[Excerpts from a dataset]
================================
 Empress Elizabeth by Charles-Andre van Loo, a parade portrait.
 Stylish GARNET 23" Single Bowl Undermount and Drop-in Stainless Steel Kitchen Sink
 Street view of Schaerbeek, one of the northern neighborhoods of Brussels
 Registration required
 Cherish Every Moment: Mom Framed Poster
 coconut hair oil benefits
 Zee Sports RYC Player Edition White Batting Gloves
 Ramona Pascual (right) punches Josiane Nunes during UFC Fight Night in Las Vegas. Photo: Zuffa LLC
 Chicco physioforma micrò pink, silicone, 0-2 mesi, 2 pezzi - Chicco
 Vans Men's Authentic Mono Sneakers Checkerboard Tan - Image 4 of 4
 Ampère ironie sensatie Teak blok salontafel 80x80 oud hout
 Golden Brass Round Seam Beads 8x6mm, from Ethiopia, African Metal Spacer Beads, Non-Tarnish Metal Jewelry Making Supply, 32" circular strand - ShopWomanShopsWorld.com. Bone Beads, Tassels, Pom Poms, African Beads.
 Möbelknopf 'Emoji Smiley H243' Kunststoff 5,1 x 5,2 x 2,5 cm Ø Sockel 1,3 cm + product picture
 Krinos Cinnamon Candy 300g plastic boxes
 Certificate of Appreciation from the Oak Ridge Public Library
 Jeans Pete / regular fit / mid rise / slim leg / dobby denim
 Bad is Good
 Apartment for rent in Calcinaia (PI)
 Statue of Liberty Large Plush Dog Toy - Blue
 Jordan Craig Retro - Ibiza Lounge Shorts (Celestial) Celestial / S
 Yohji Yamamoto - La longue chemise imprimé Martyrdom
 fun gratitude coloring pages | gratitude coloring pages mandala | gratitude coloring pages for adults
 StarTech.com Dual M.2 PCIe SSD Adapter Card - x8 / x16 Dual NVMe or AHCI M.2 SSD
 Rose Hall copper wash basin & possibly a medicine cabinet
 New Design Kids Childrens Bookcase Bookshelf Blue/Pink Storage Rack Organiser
================================
Exercise aim: What lines in the data hold the word "Blue"? Return them.

Answer box:
 Statue of Liberty Large Plush Dog Toy - Blue
 New Design Kids Childrens Bookcase Bookshelf Blue/Pink Storage Rack Organiser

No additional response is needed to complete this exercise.